*** Opening Collected data ***

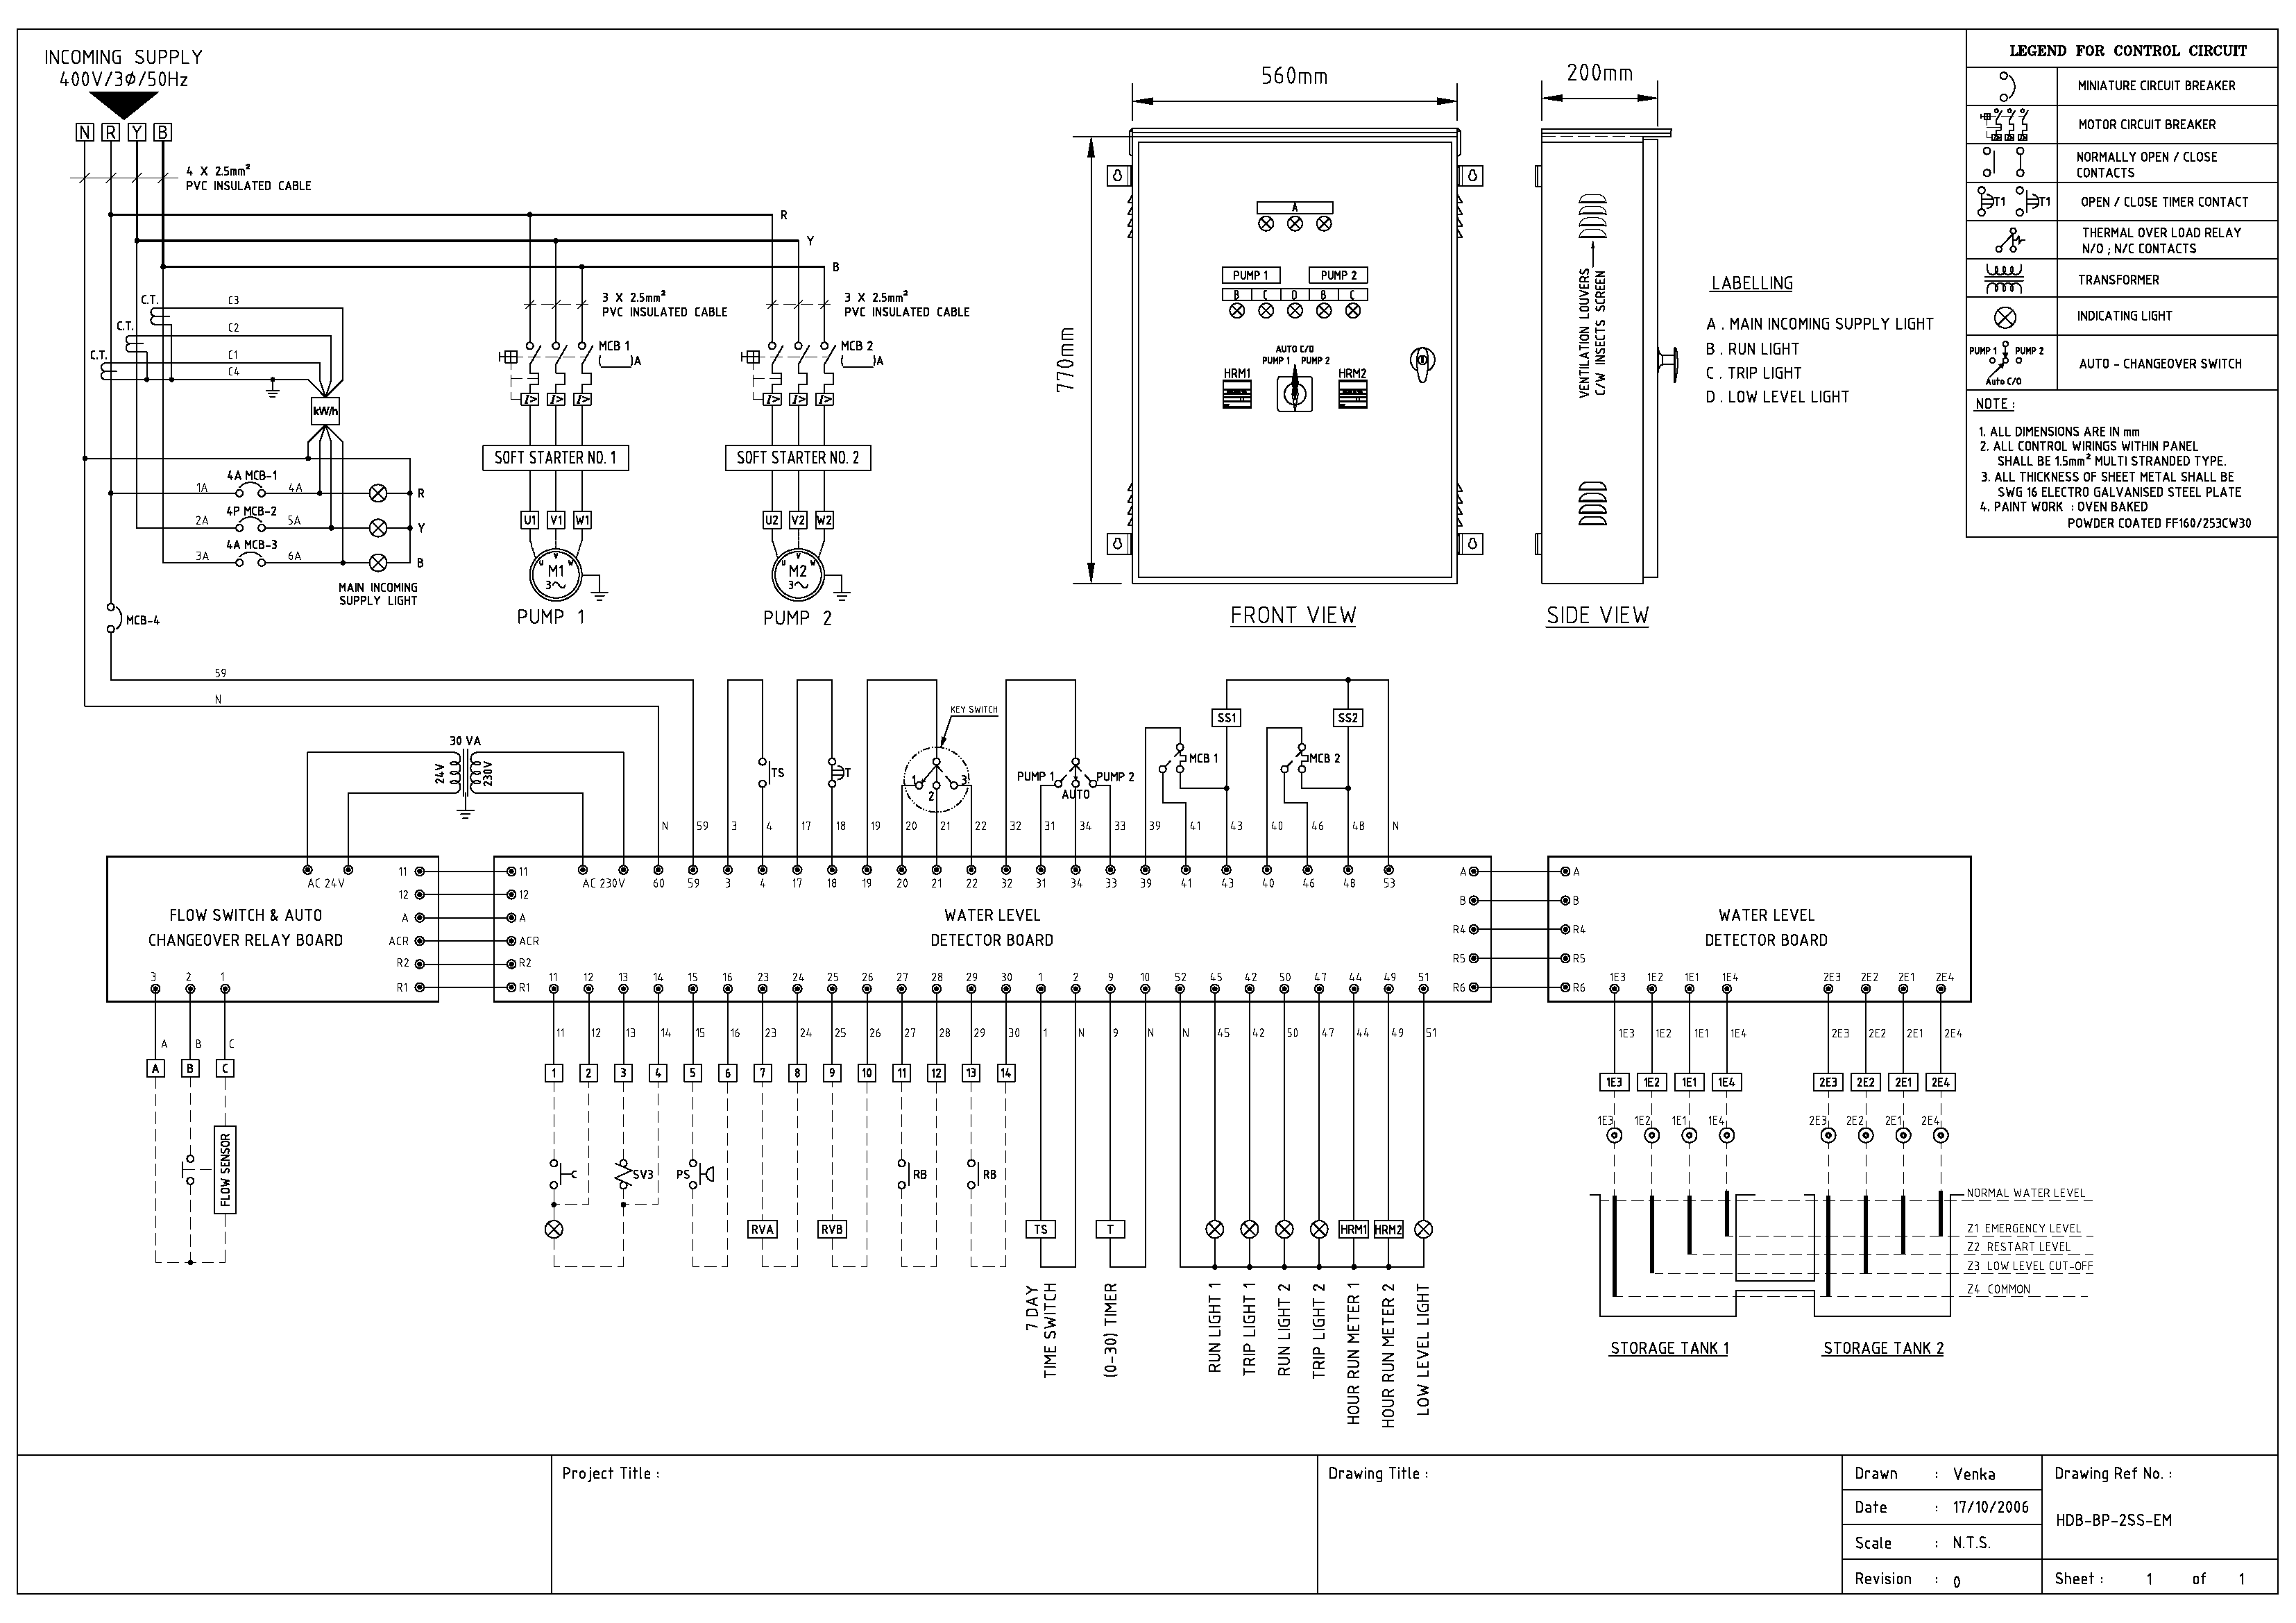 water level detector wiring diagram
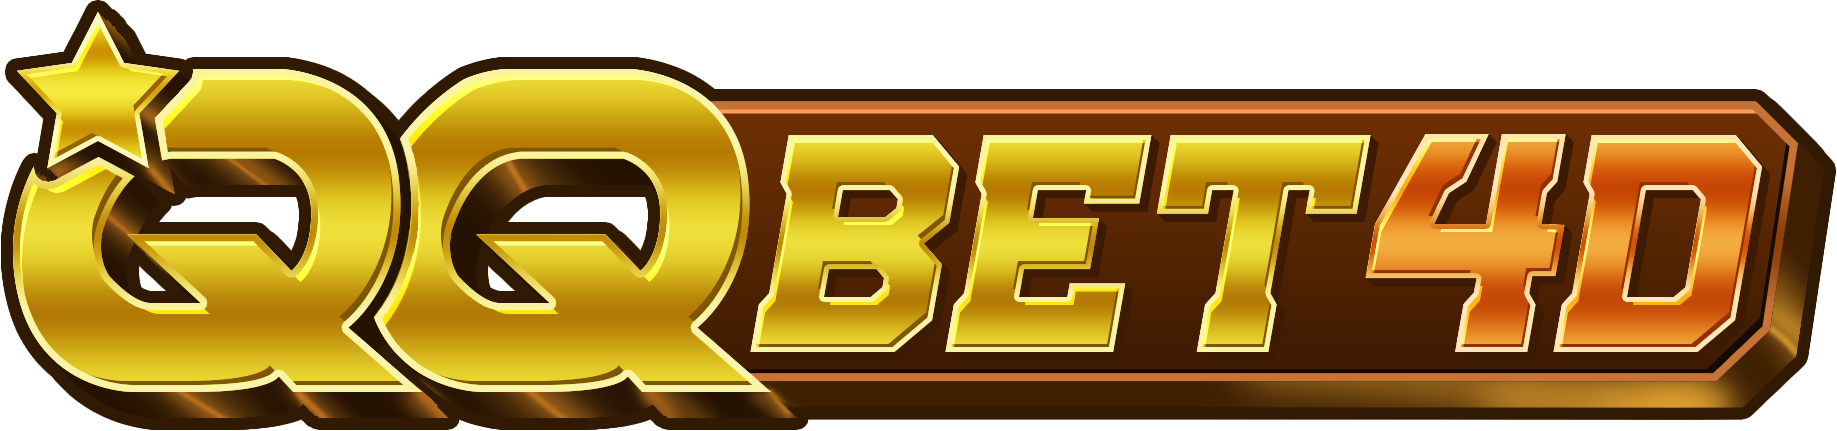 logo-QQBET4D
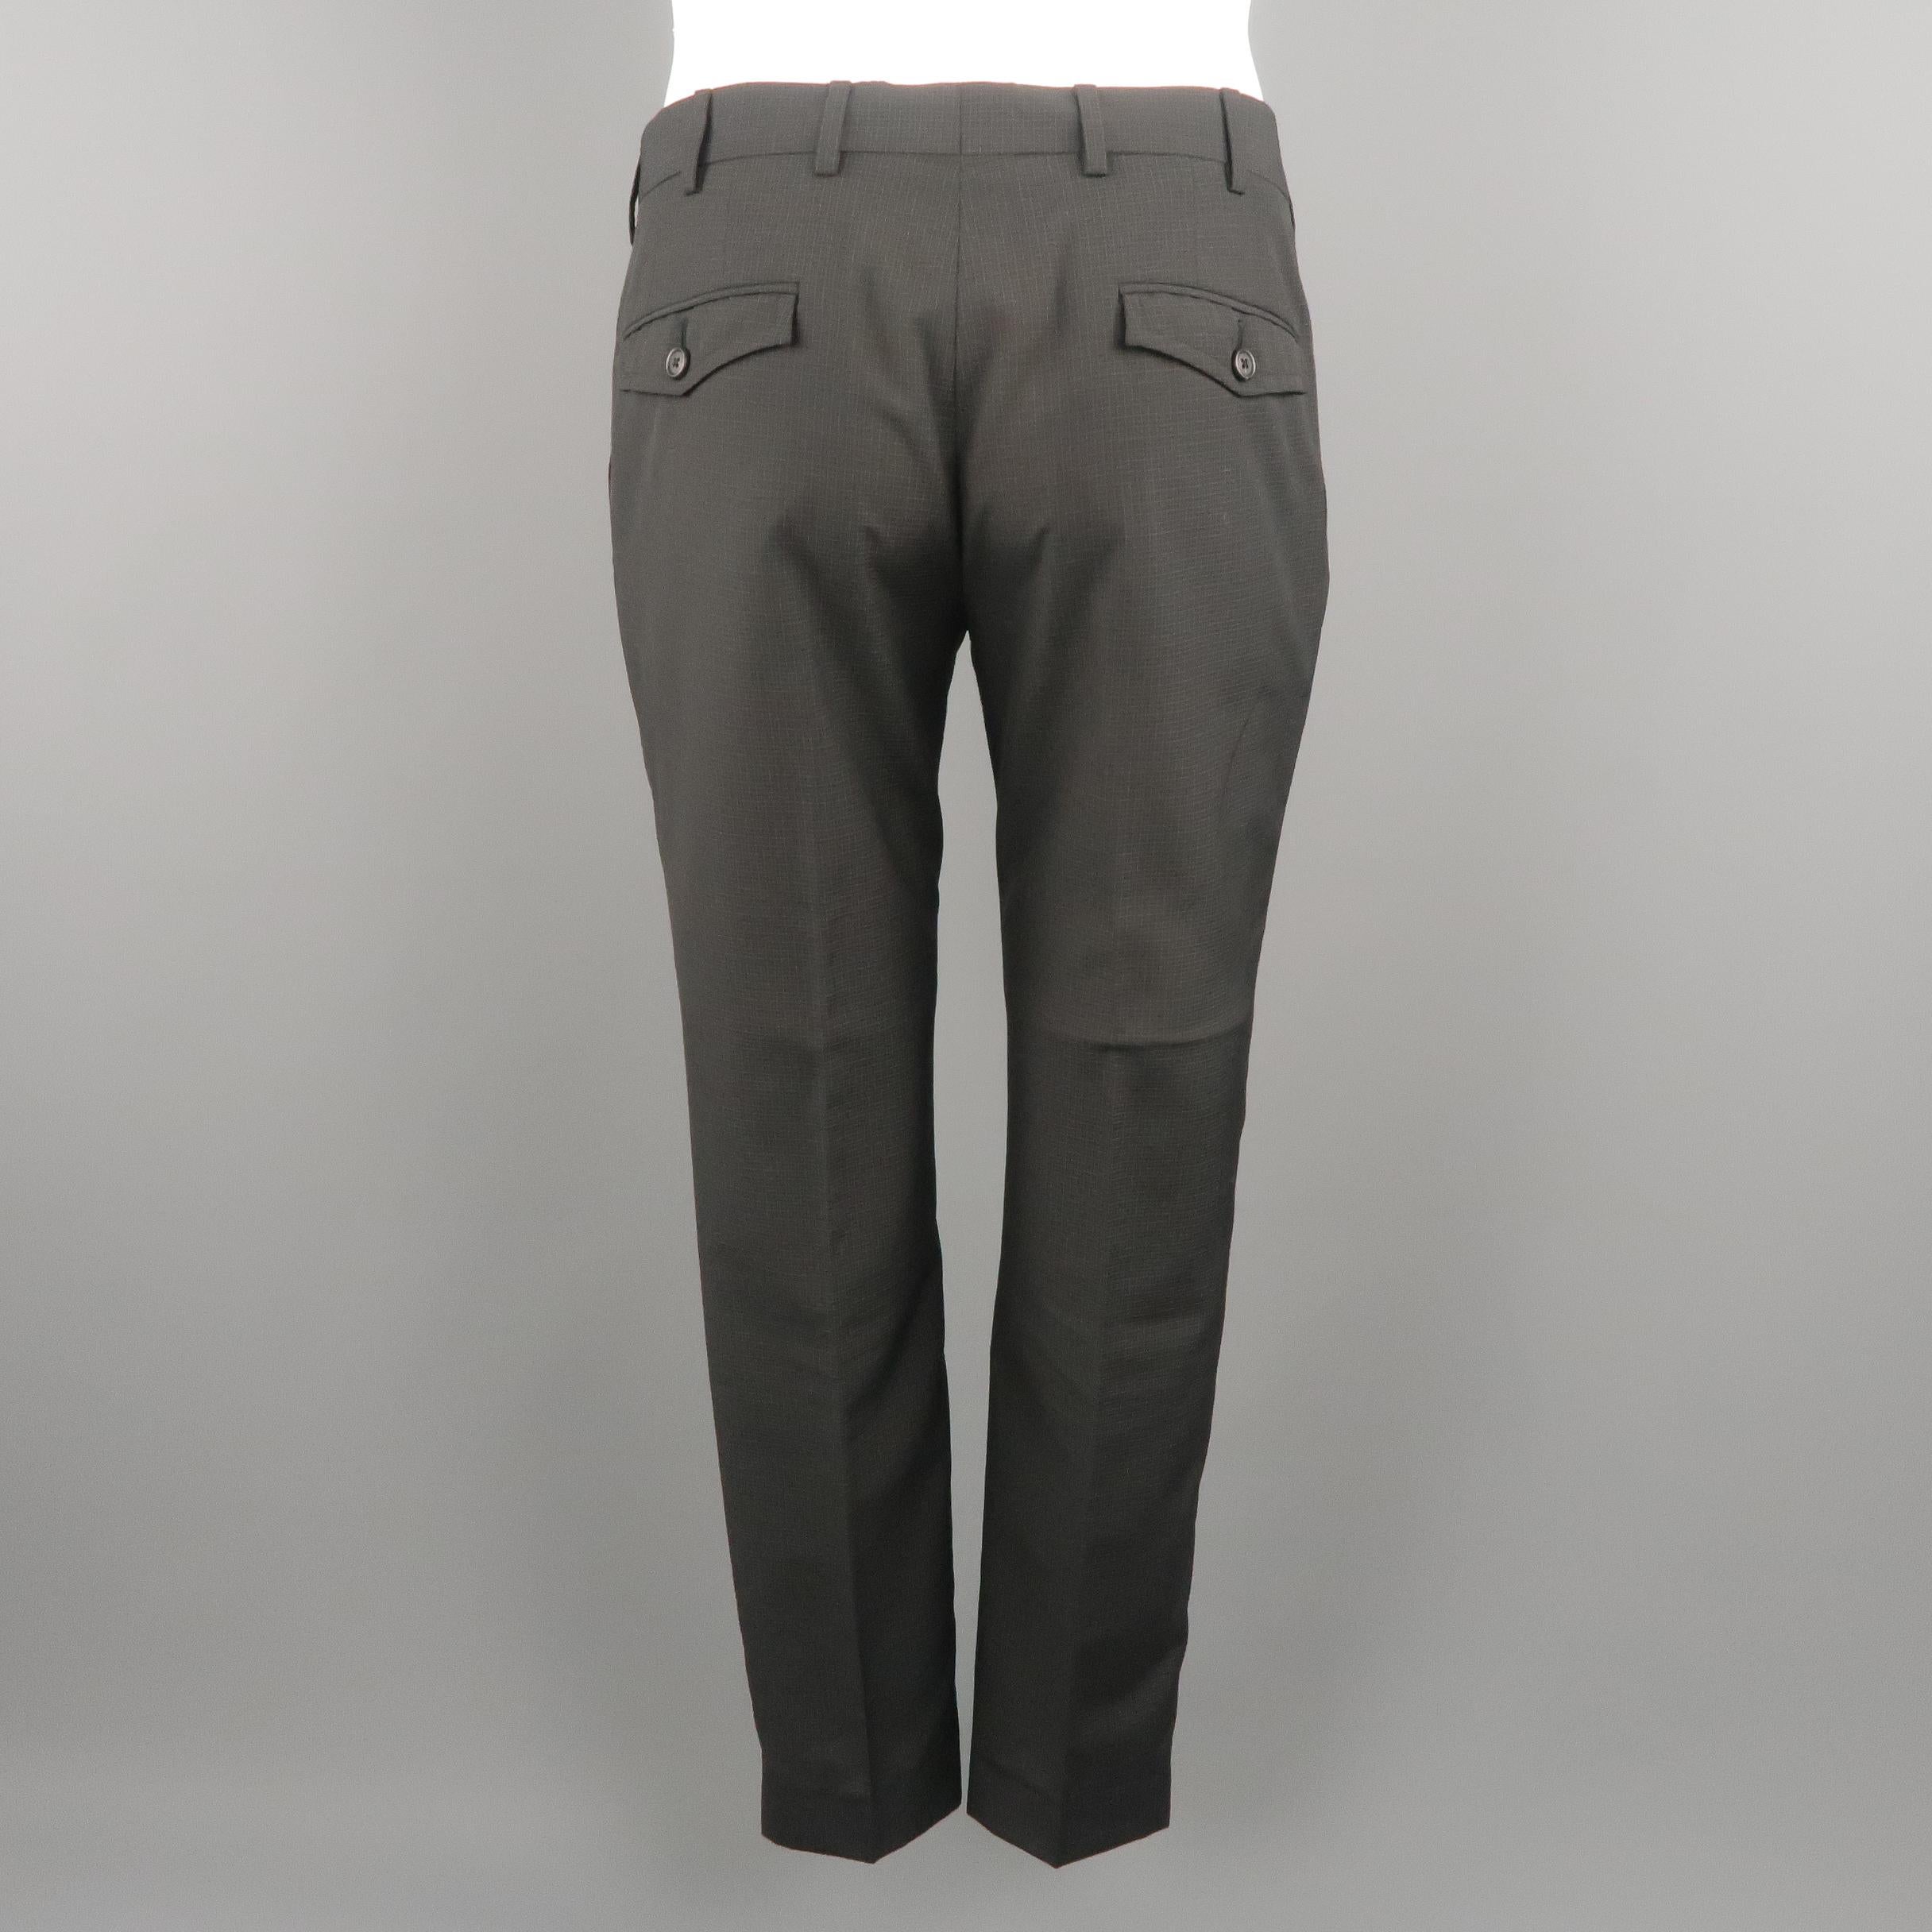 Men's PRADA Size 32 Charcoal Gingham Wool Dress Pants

*** Closing Collected data ***

Task details. Once the line containing "logo-QQBET4D" is found, write it out exactly along with every line after it through the end of the listing, excluding pictures.

Output of the task.
 logo-QQBET4D
 Men's PRADA Size 32 Charcoal Gingham Wool Dress Pants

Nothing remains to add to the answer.